Task prompt
Quote each line of the material verbatim, without the pictures.
◆ ◆ ◆ ◆ ◆ ◆ ◆
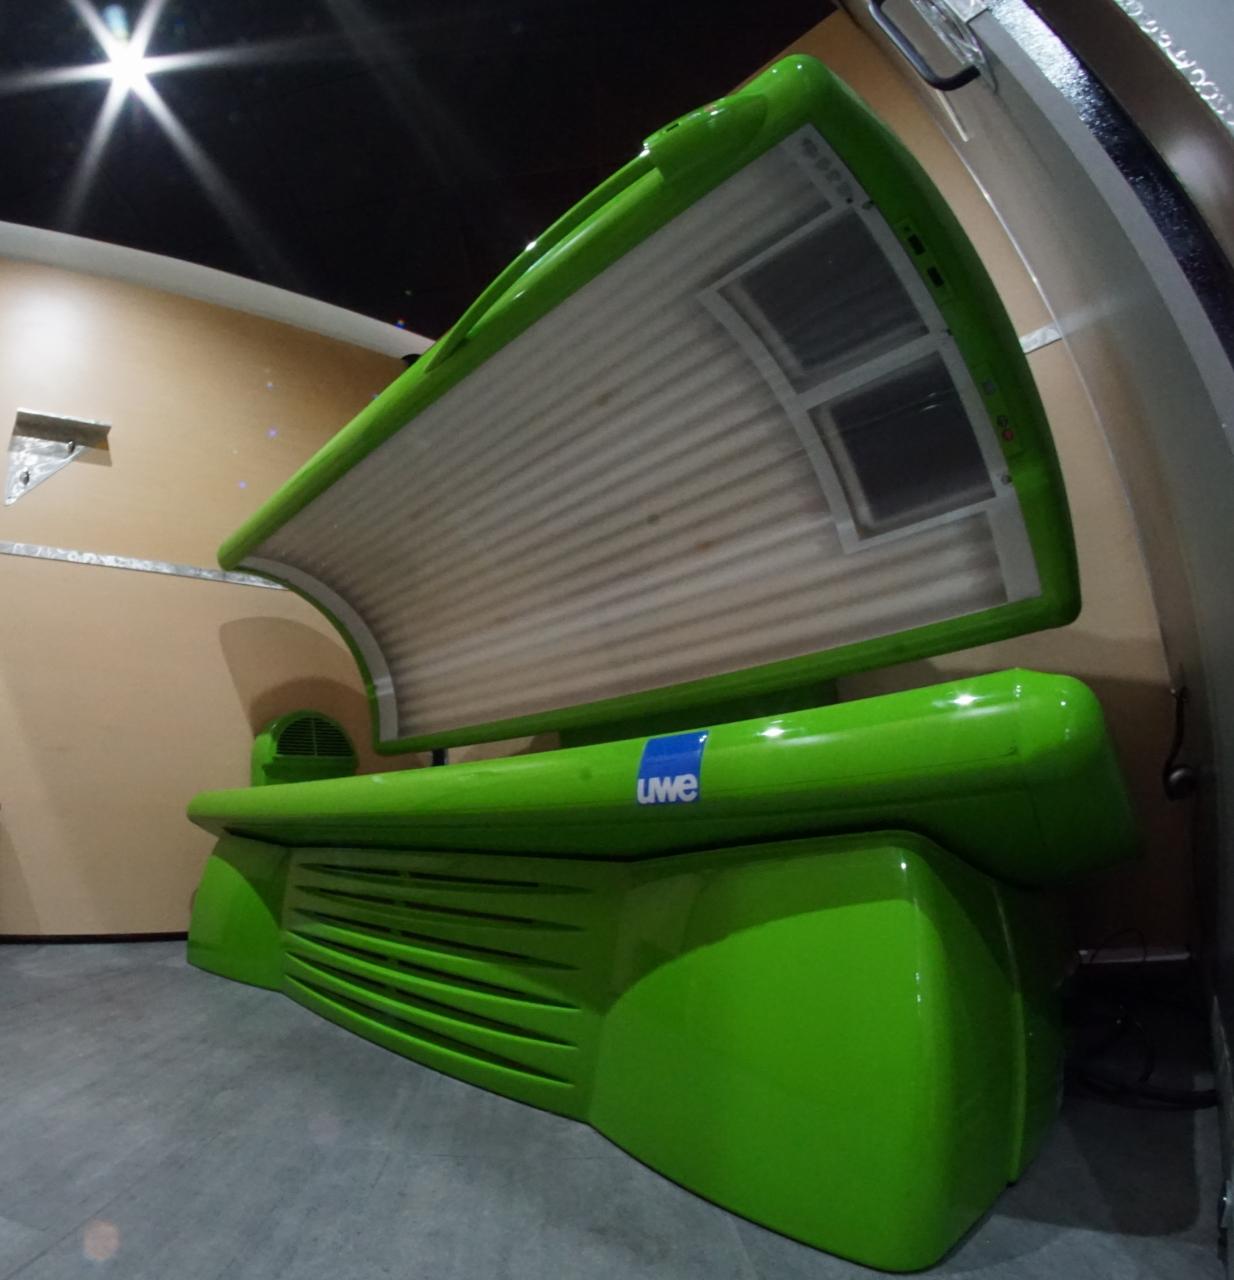 Uwe Tropical Series 32 Gb Tanning Bed Wiring Prev
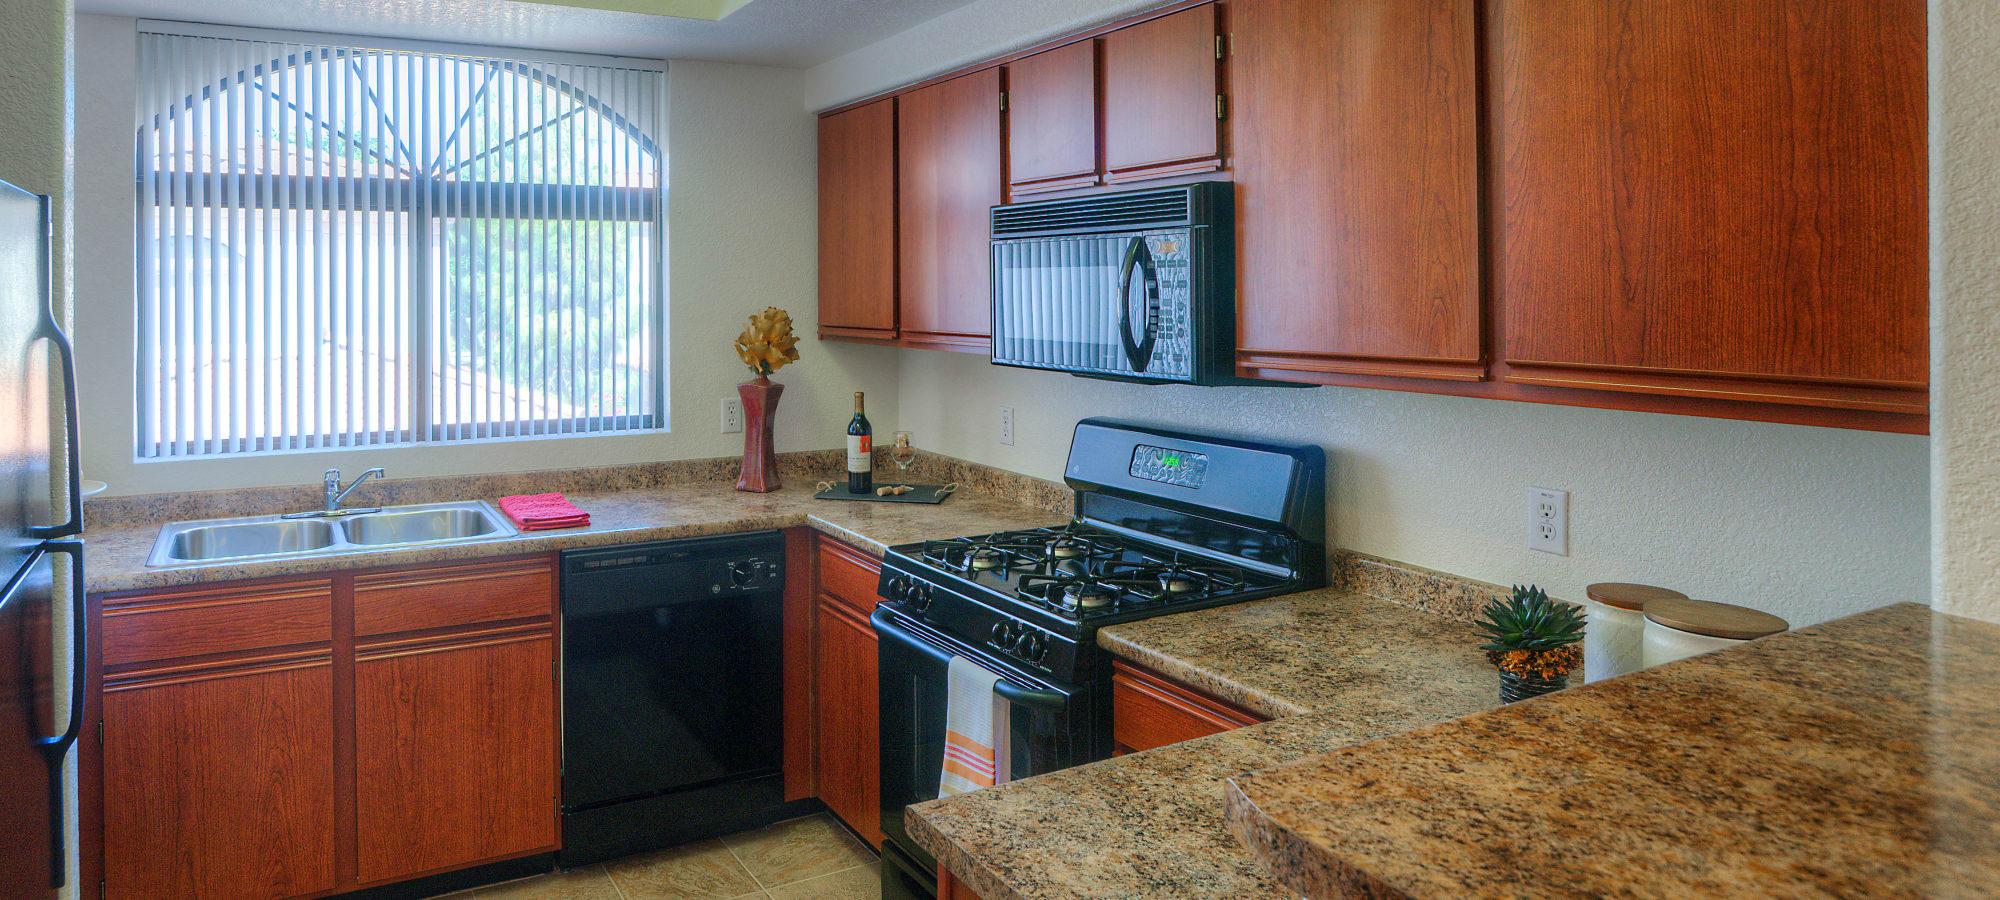 Kitchen featuring granite countertops at San Prado in Glendale, Arizona
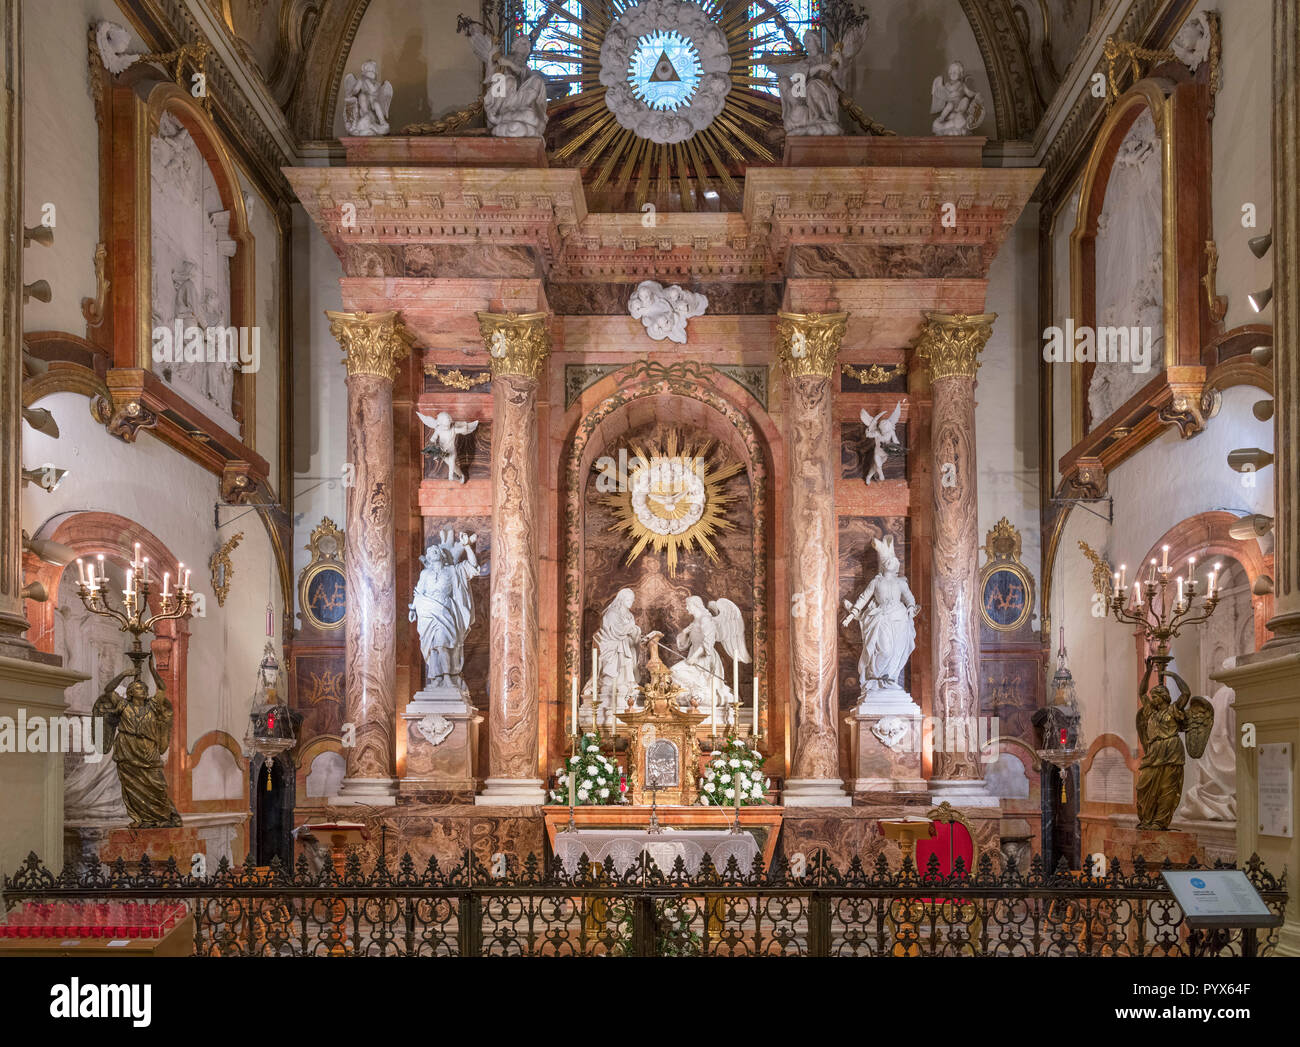 Capella de la Encarnacion (chapelle de l'Incarnation), la cathédrale de Málaga, Málaga, Costa del Sol, Andalousie, Espagne Banque D'Images
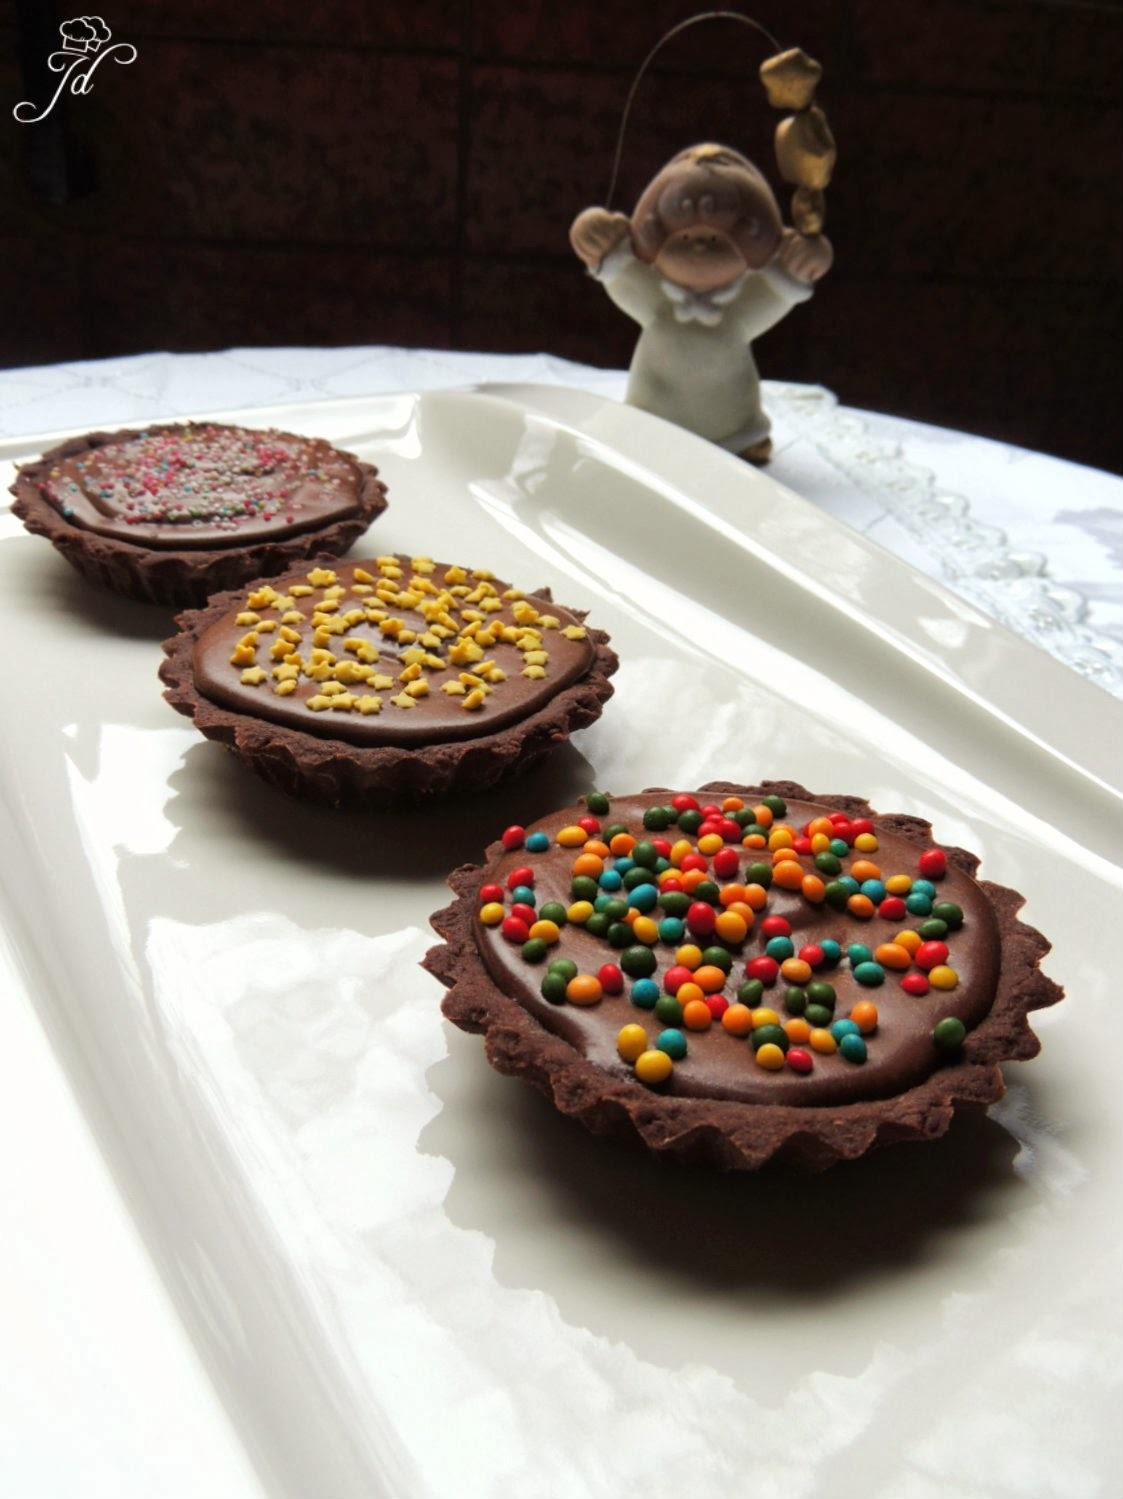 Chocolate truffle tartlets - Čokoladne truffle pitice
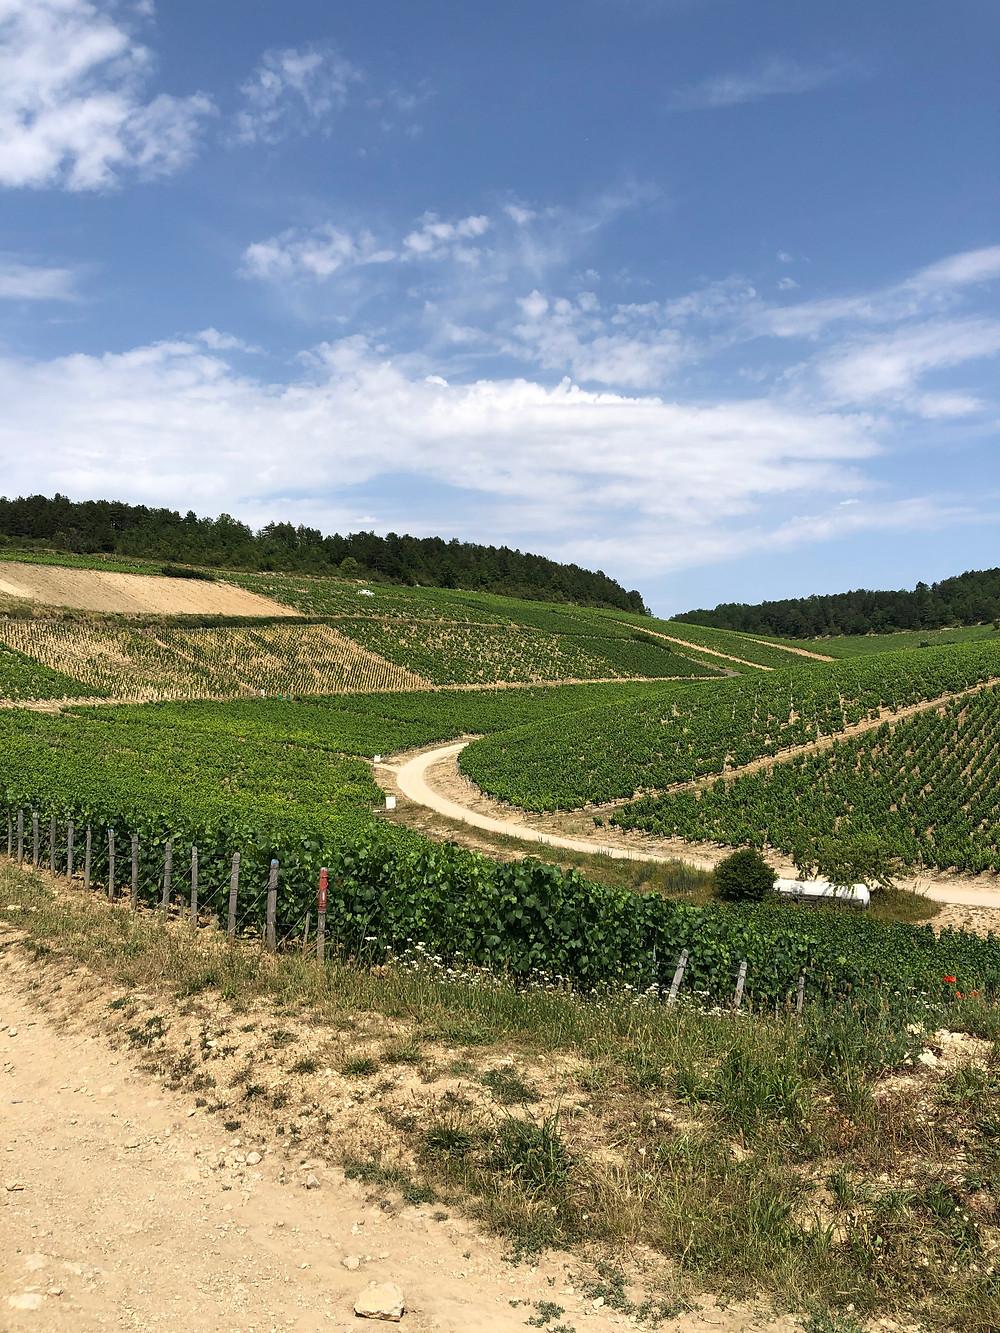 Grand Cru and Petit Chablis vineyards in Burgundy on a wine study trip
◆ ◆ ◆ ◆ ◆ ◆ ◆
Answer below
 Uwe Tropical Series 32 Gb Tanning Bed Wiring Prev
 Kitchen featuring granite countertops at San Prado in Glendale, Arizona
 Capella de la Encarnacion (chapelle de l'Incarnation), la cathédrale de Málaga, Málaga, Costa del Sol, Andalousie, Espagne Banque D'Images
 Chocolate truffle tartlets - Čokoladne truffle pitice
 Grand Cru and Petit Chablis vineyards in Burgundy on a wine study trip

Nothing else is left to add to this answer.